Luis López

Personal information
- Full name: Luis Fernando López Figueroa
- Date of birth: 26 January 1992 (age 34)
- Place of birth: Ahome, Mexico
- Height: 1.75 m (5 ft 9 in)
- Position: Midfielder

Youth career
- Necaxa

Senior career*
- Years: Team / Apps / (Gls)
- 2009–2014: Necaxa / 40 / (8)
- 2009–2010: → Inter de Tehuacán (loan) / 33 / (11)
- 2010–2012: → Cruz Azul (loan) / 0 / (0)
- 2014: Cimarrones de Sonora / 5 / (0)
- 2015–2016: Santos de Soledad / 36 / (7)
- 2016–2017: AEM / 12 / (1)

= Luis López (footballer, born 1992) =

Mexican footballer

Luis Fernando López Figueroa (born 26 January 1992) is a Mexican footballer who plays as a midfielder.

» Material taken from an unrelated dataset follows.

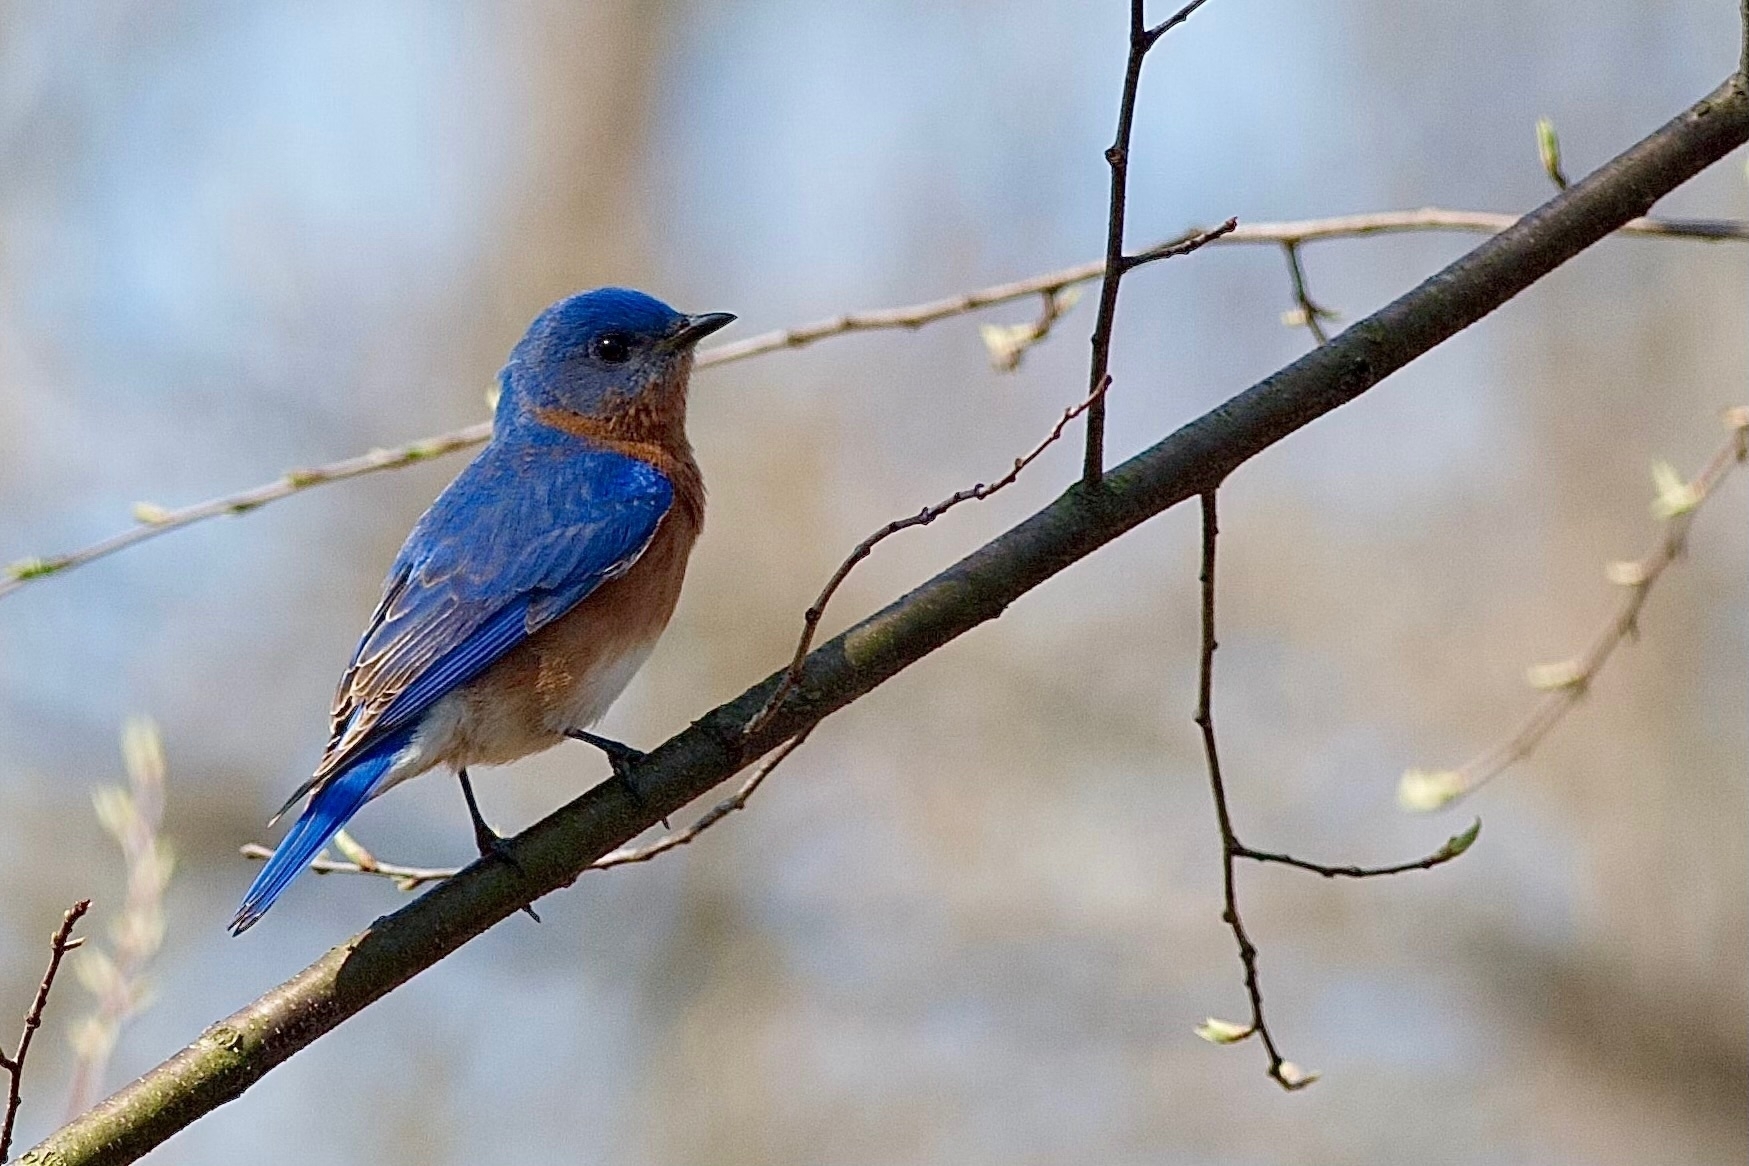 A Bluebird perched on a branch and facing sideways. It's head, back and wing feathers are vibrant blue. The golden brown front of the bird is also visable. The background is blurred forest.

He is currently a free agent.

== Career ==
Necaxa were López's first club, he featured for their youth academy for a number of years prior to making the jump into first-team football. In 2009, López was loaned to Inter de Tehuacán of Serie B. He made his debut on 6 September against Gallos Blancos, prior to scoring his first goal three appearances later versus Estudiantes Tecos. In total, he made thirty-three appearances and scored eleven goals for Inter de Tehuacán. 2010 saw López join Cruz Azul on loan for two seasons, though he subsequently only featured for the club's U20 team. He returned to Necaxa for the 2012–13 Ascenso MX season.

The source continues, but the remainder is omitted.